Patients with coeliac disease – who have an intolerance to gluten – can get NHS prescriptions for some gluten-free foods.

Around one in 100 Britons have coeliac disease. If they eat gluten – found in wheat, barley or rye – it causes damage to the lining of the small intestine which stops it absorbing nutrients.

Gluten free food, like these chocolate chip cookies, can be five times more expensive than standard items

Over time, this causes diarrhoea, bloating, extreme pain and weight loss.

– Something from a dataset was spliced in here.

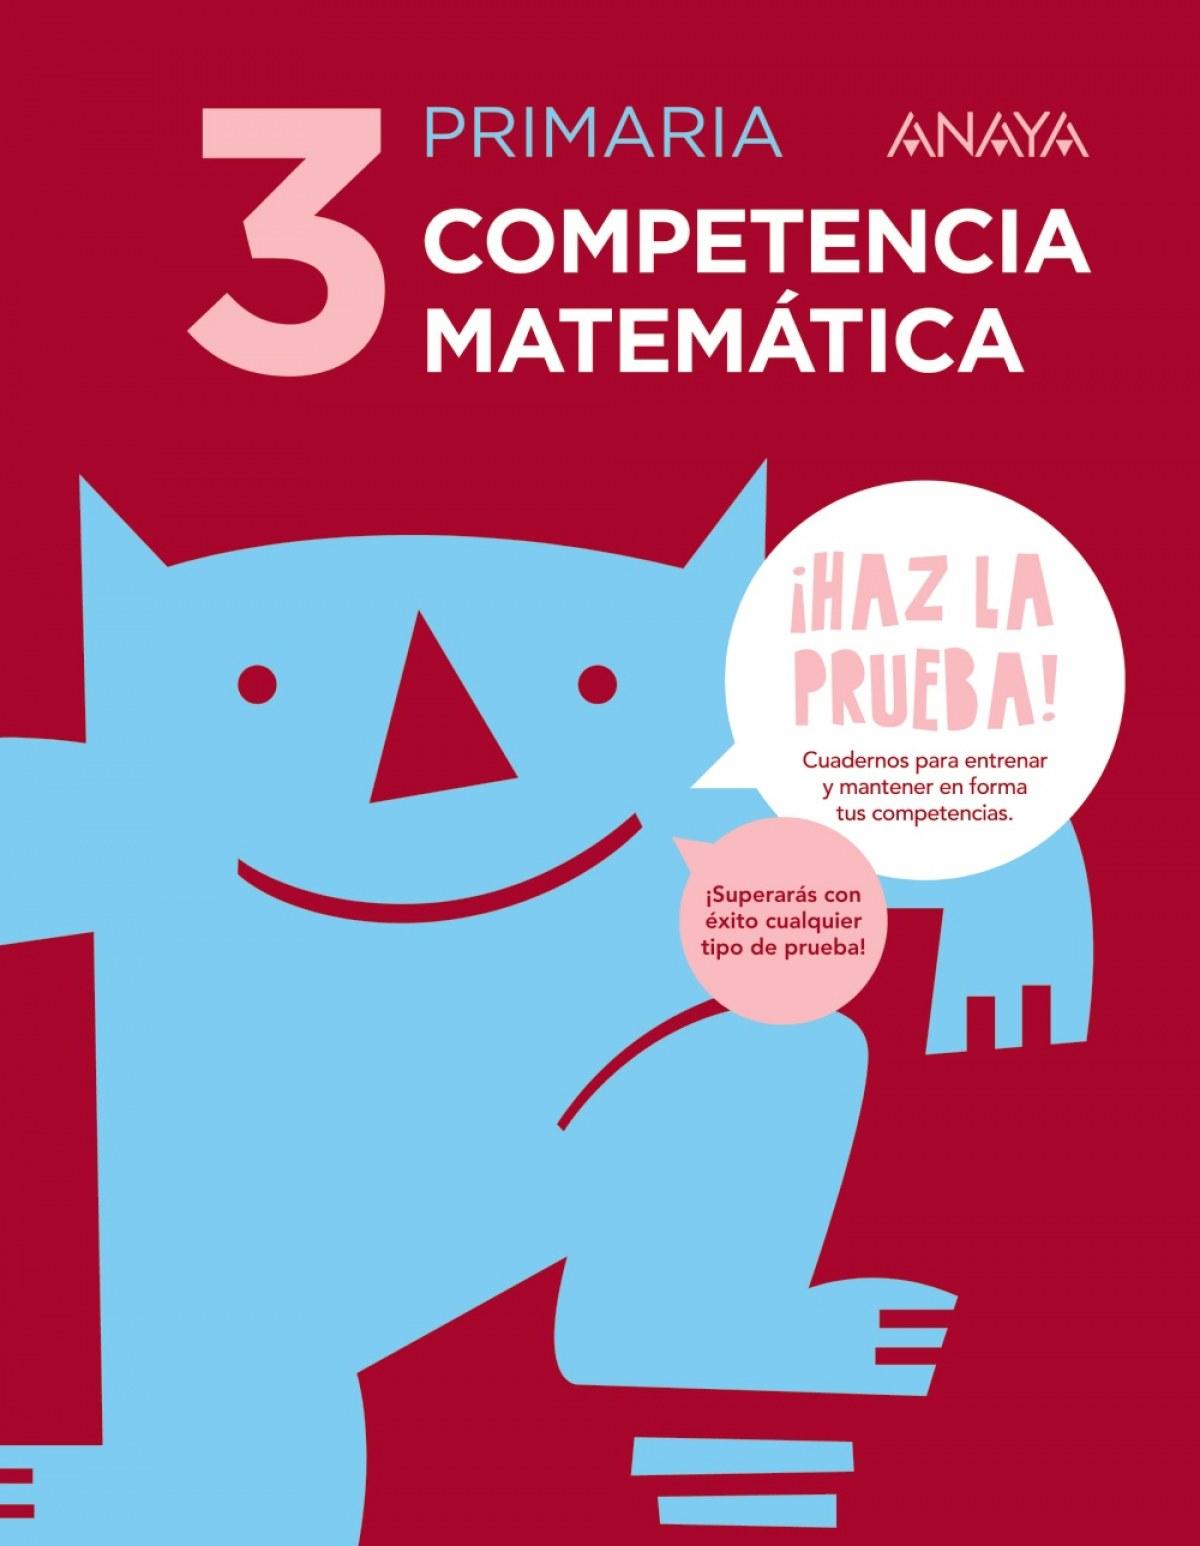 CUADERNO COMPETENCIA MATEM-TICA 3 9788469831359
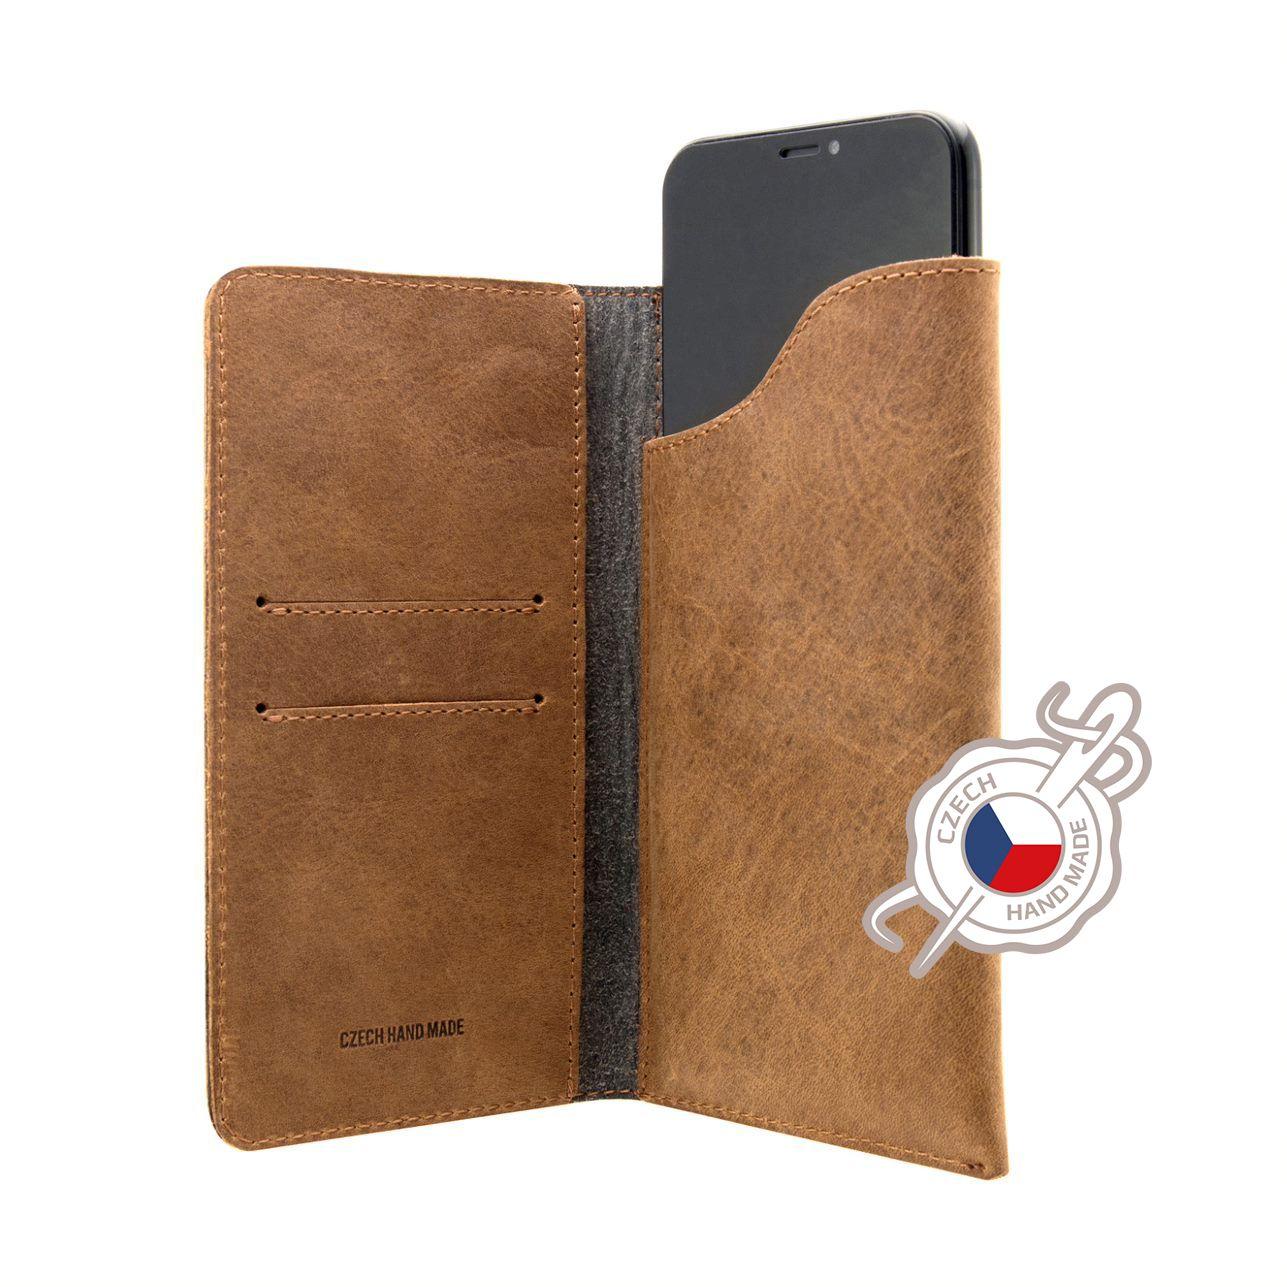 Kožené pouzdro FIXED Pocket Book pro Apple iPhone 6 Plus/6S Plus/7 Plus/8 Plus/XS Max/11 Pro Max, hnědé

Miss Issott added: 'As we recognise that having a gluten-free diet costs more than an average diet, the NHS will continue to help towards these costs by providing staple foods such as long-life bread and flour, which are less likely to attract substantial additional charges to the NHS.'

'This has not been an easy decision to make.

'While we do not wish to add to the burdens on patients we must ensure equity and best use of NHS resources,' she adds.